The Cyber Storm exercise is a biennial simulated exercise overseen by the United States Department of Homeland Security that took place February 6 through February 10, 2006 with the purpose of testing the nation's defenses against digital espionage.[1] [2] The simulation was targeted primarily at American security organizations but officials from the United Kingdom, Canada, Australia and New Zealand participated as well.[3]
The first Cyber Storm exercise took place February 6 through February 10, 2006 with the purpose of testing the nation's defenses against digital espionage.
The exercise simulated a large scale attack on critical digital infrastructure such as communications, transportation, and energy production. The simulation took place a series of incidents which included:
During the exercise the computers running the simulation came under attack by the players themselves. Heavily censored files released to the Associated Press reveal that at some time during the exercise the organizers sent every one involved an e-mail marked "IMPORTANT!" telling the participants in the simulation not to attack the game's control computers.[4]
The Cyber Storm exercise highlighted the gaps and shortcomings of the nation's cyber defenses. The cyber storm exercise report found that institutions under attack had a hard time getting the bigger picture and instead focused on single incidents treating them as "individual and discrete".[5] In light of the test the Department of Homeland Security raised concern that the relatively modest resources assigned to cyber-defense would be "overwhelmed in a real attack".[6]
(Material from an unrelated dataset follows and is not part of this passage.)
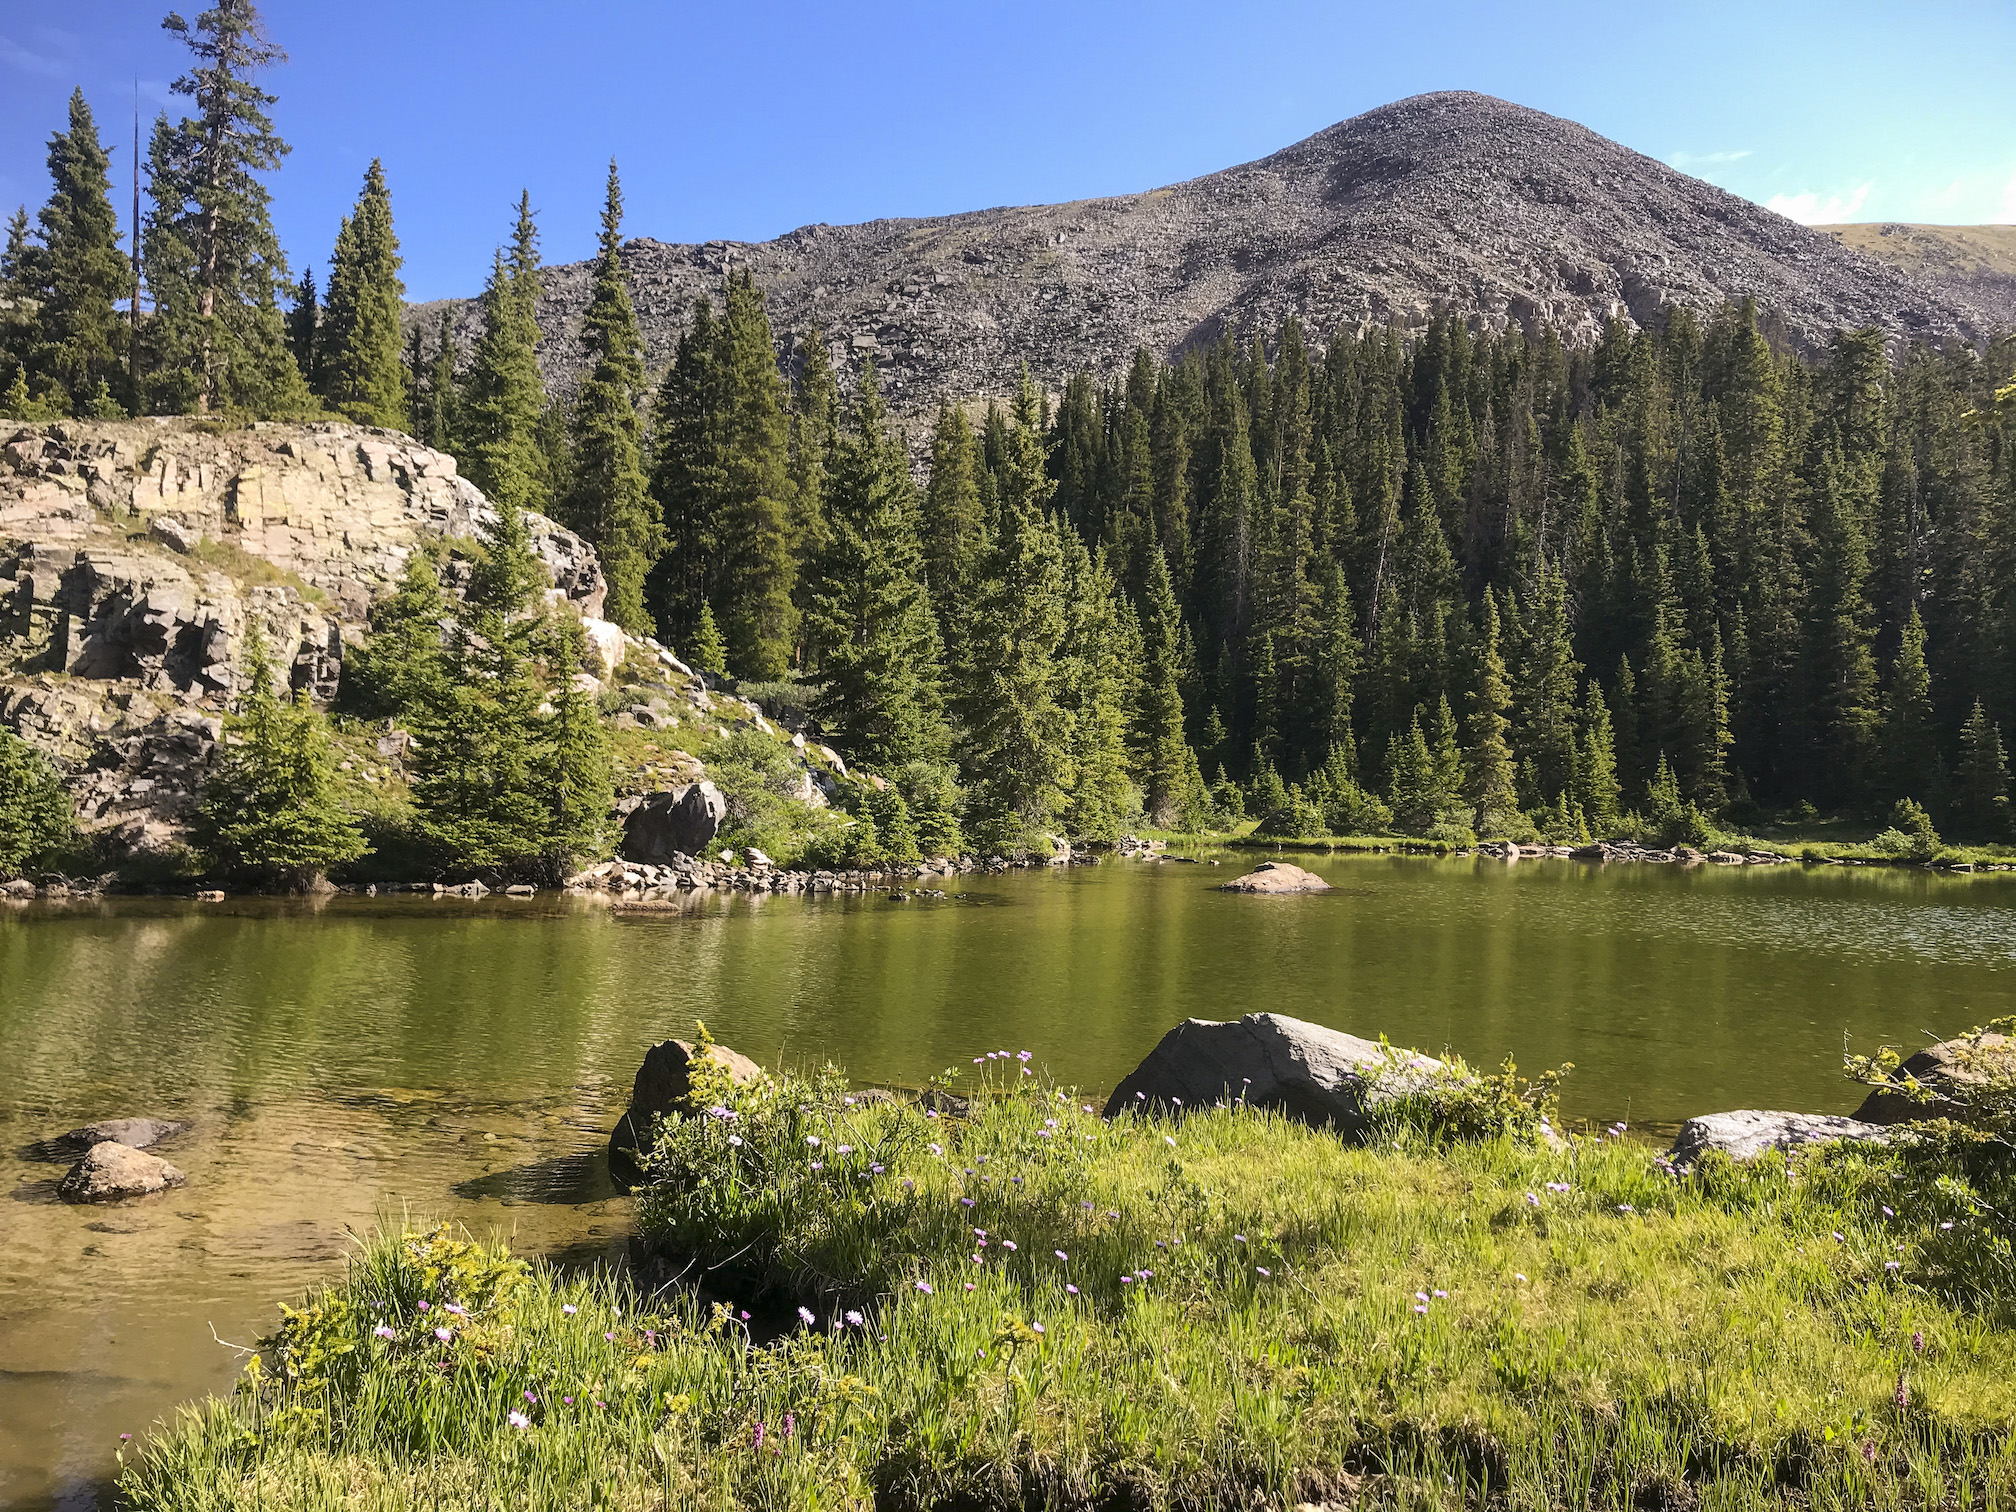 Lamphier lake in fossil ridge in gunnison, colorado. An alpine lake with a mountain peak and trees lining in.
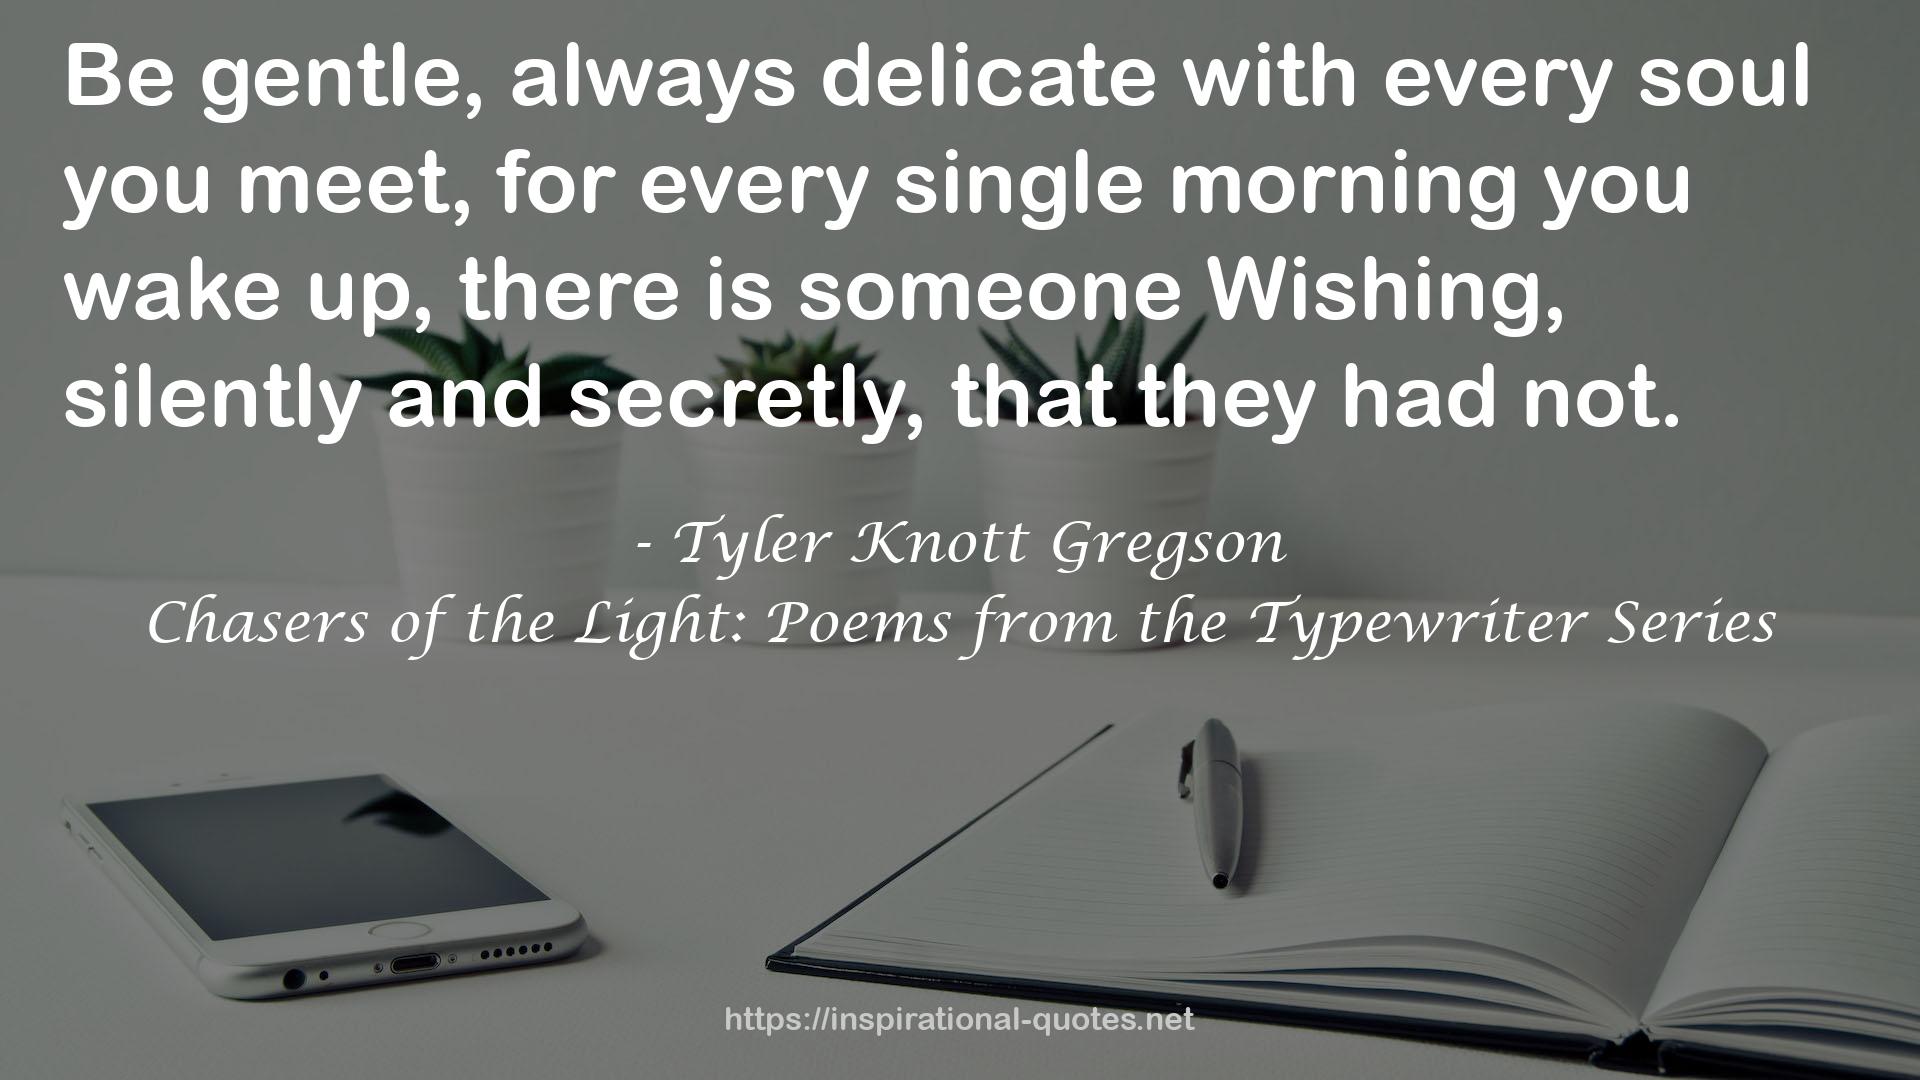 Chasers of the Light: Poems from the Typewriter Series QUOTES

Cyber Storm II was an international cyber security exercise sponsored by the United States Department of Homeland Security in 2008. The week-long exercise was centered in Washington, DC and concluded on March 15.[7]
Cyber Storm III was an international cyber security exercise sponsored by the United States Department of Homeland Security in 2010. The week-long exercise was centered in Washington, DC and concluded on October 1.[8]